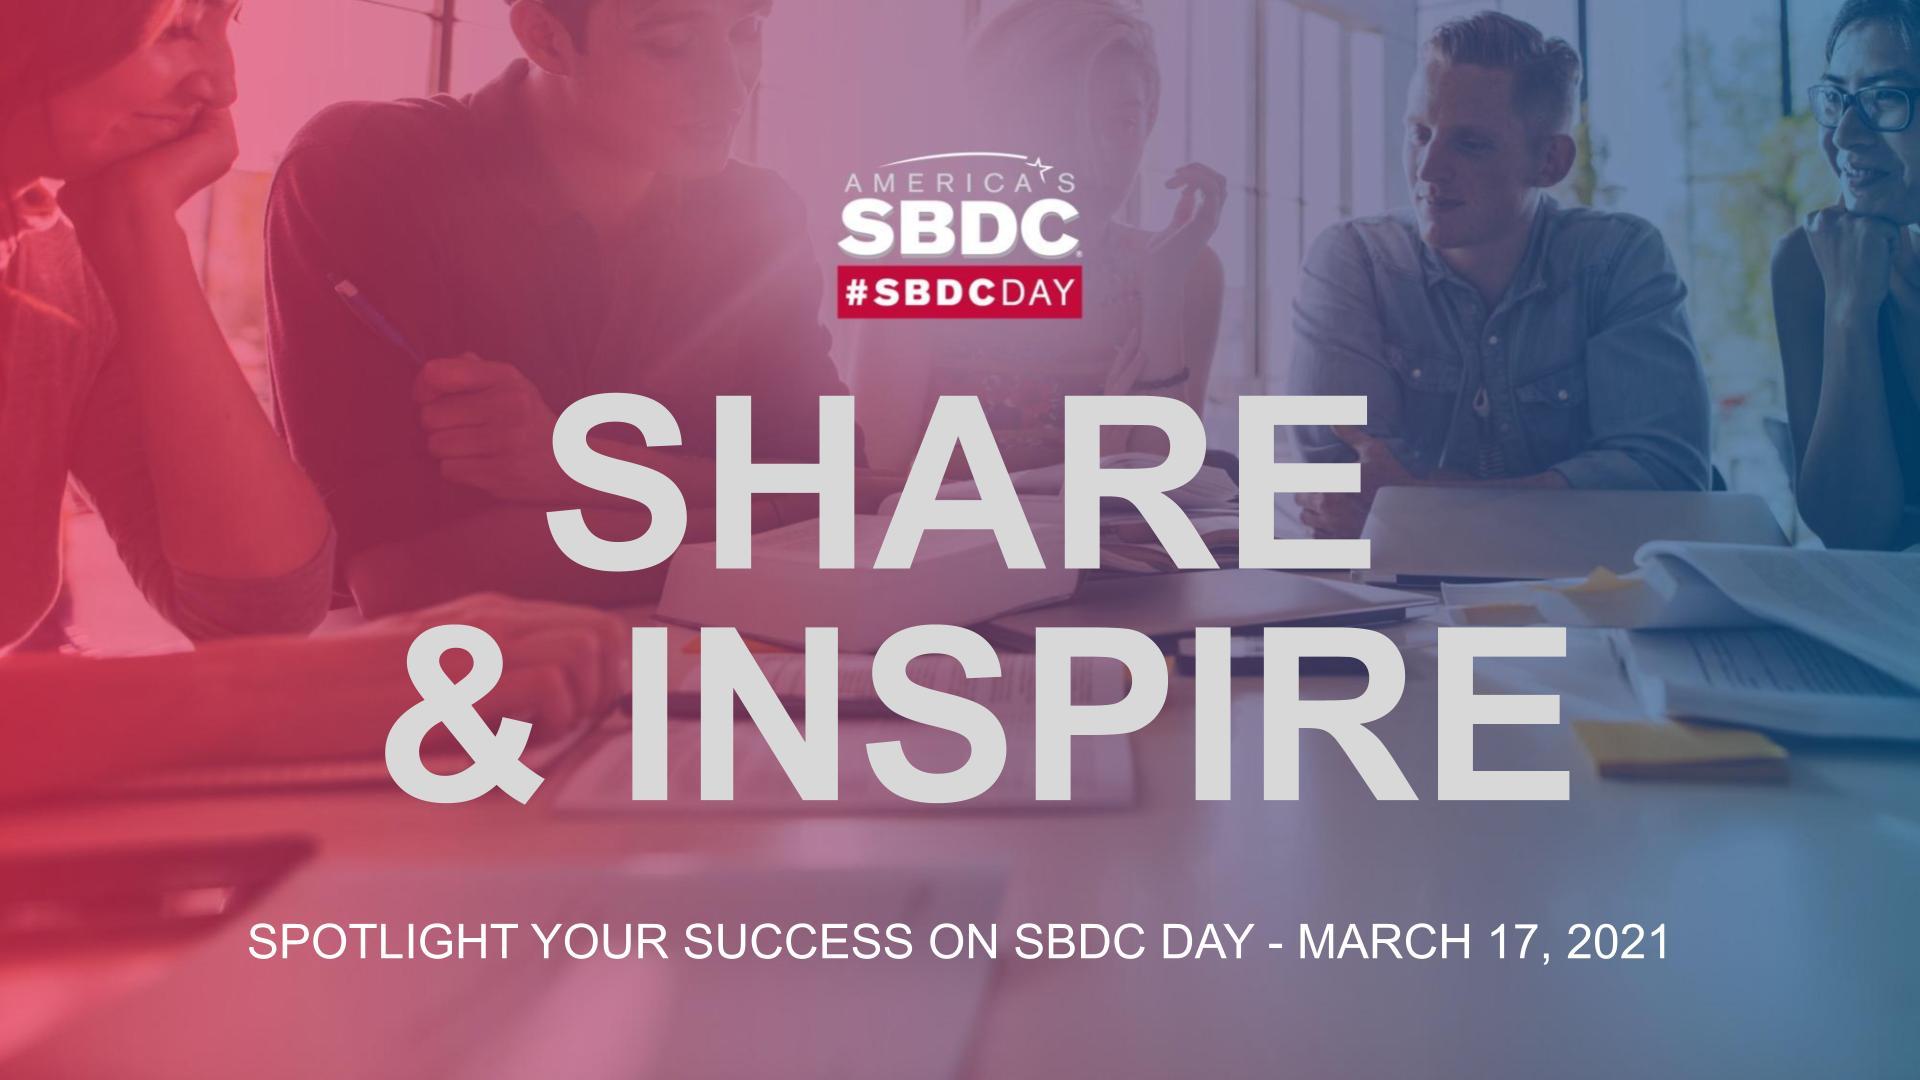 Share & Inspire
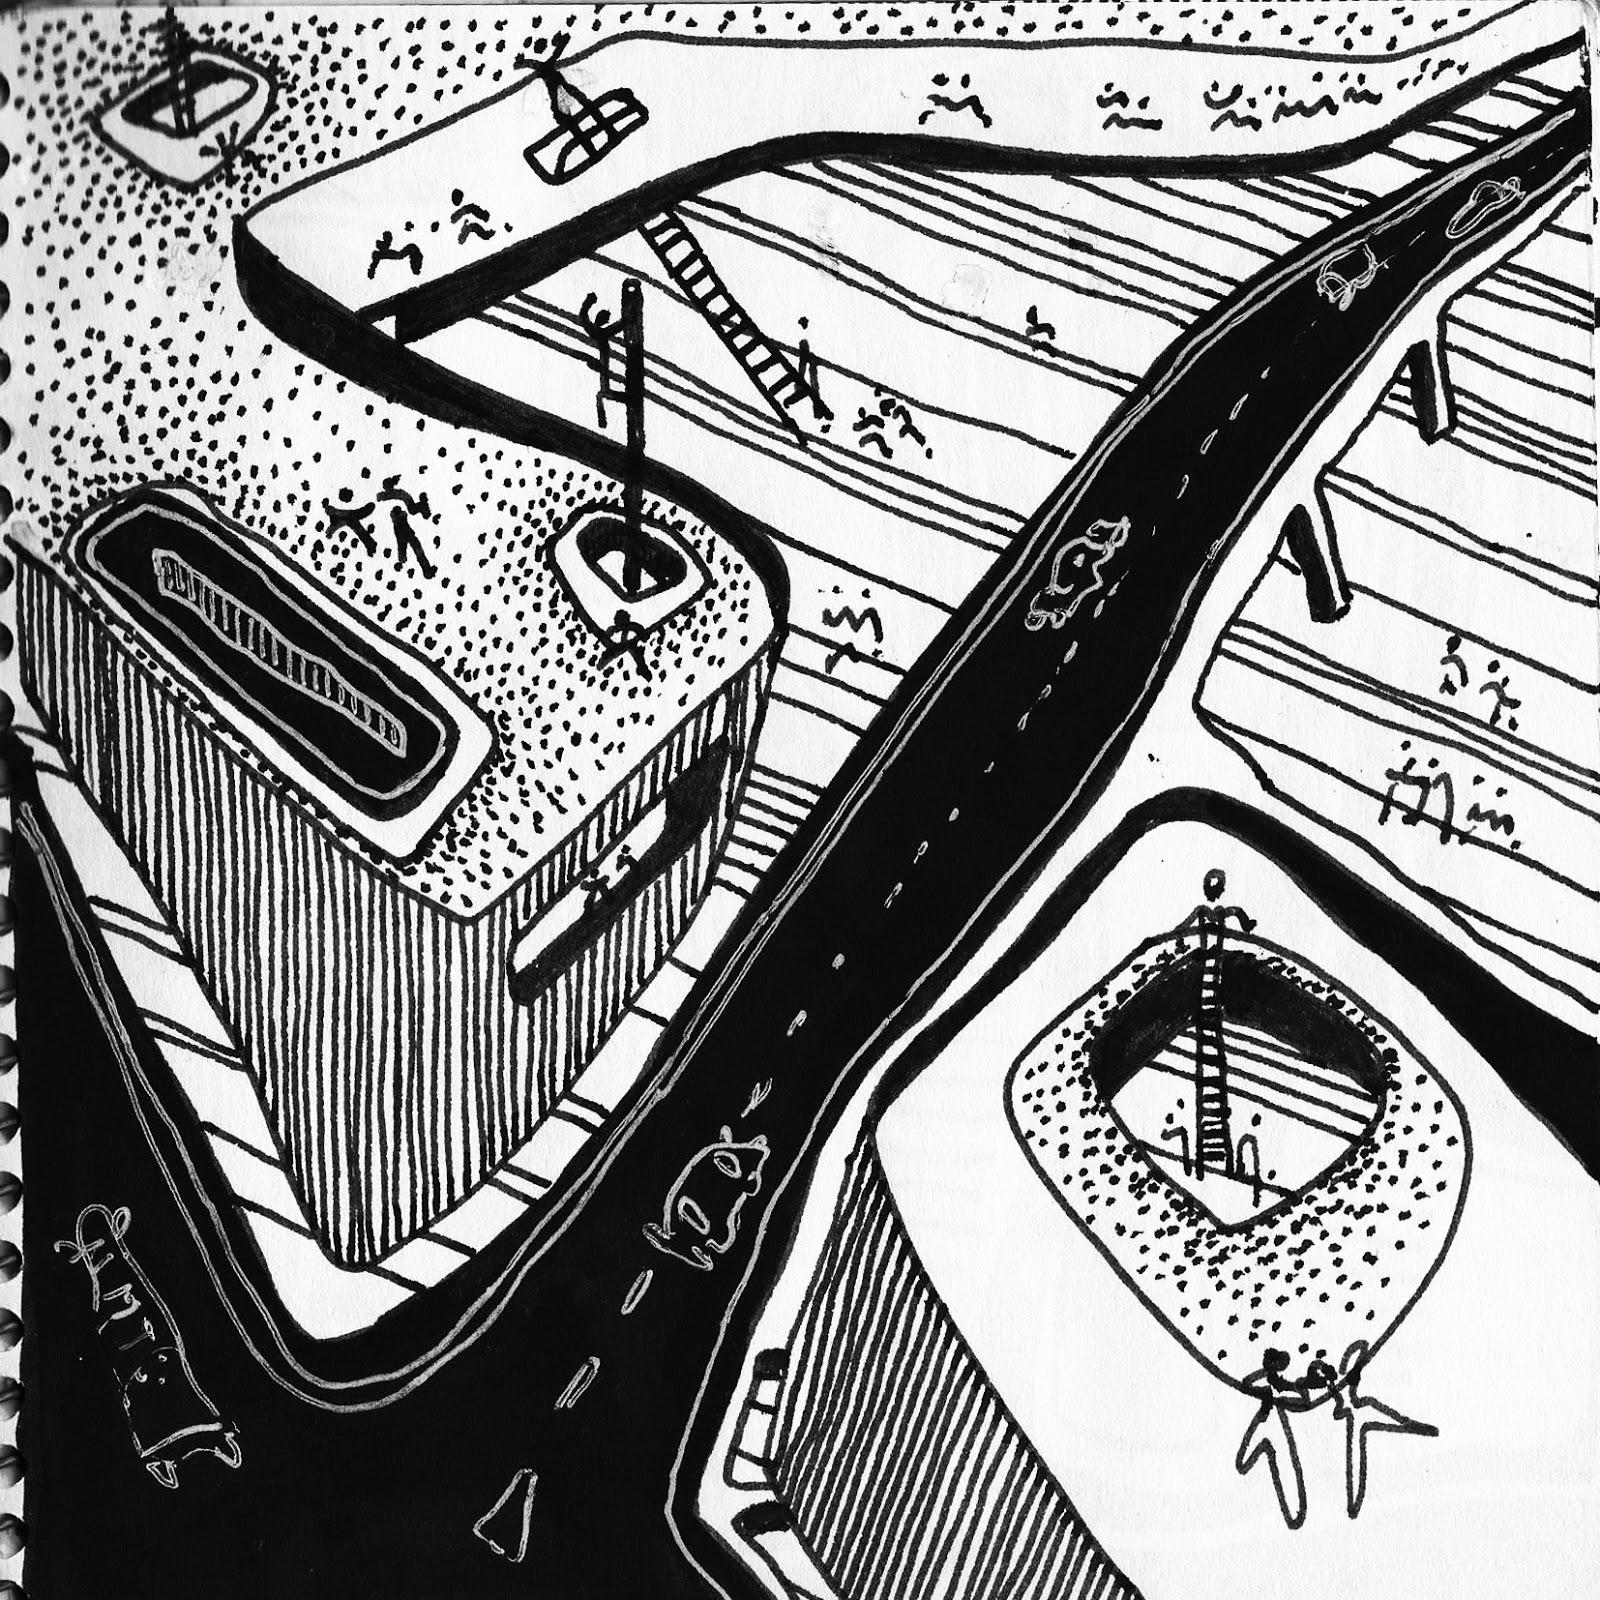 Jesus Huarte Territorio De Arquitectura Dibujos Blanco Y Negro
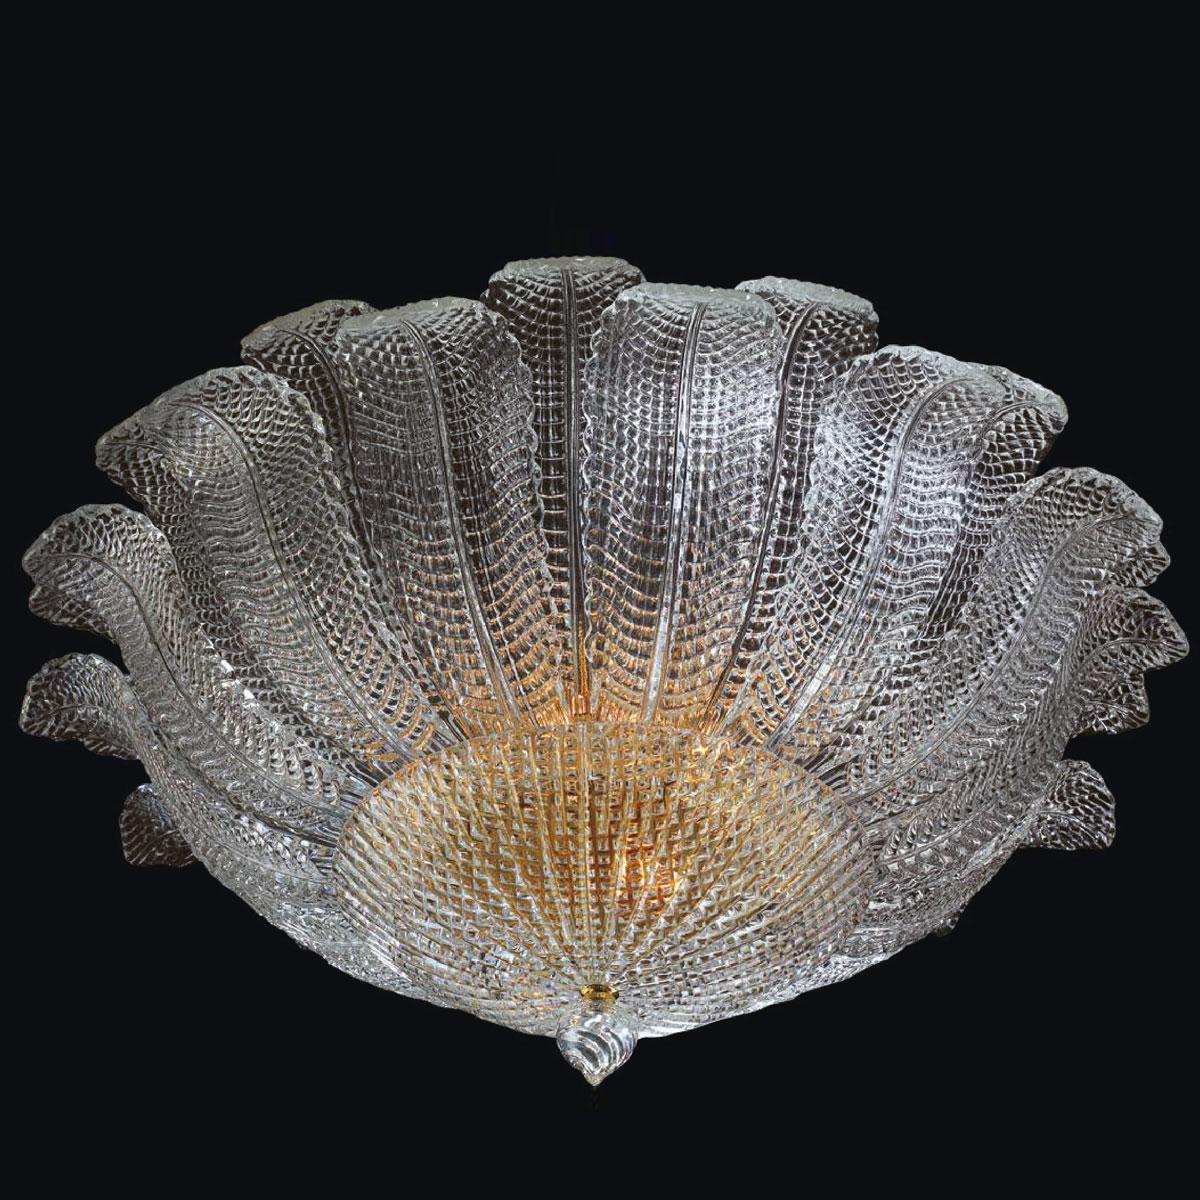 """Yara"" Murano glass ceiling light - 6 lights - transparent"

++++

• [ABOUT THIS EXERCISE]: Reproduce the whole of the data, word for word, and omit its pictures.

• [RESULT OF THE TASK]:
 Share & Inspire
 Jesus Huarte Territorio De Arquitectura Dibujos Blanco Y Negro
 """Yara"" Murano glass ceiling light - 6 lights - transparent"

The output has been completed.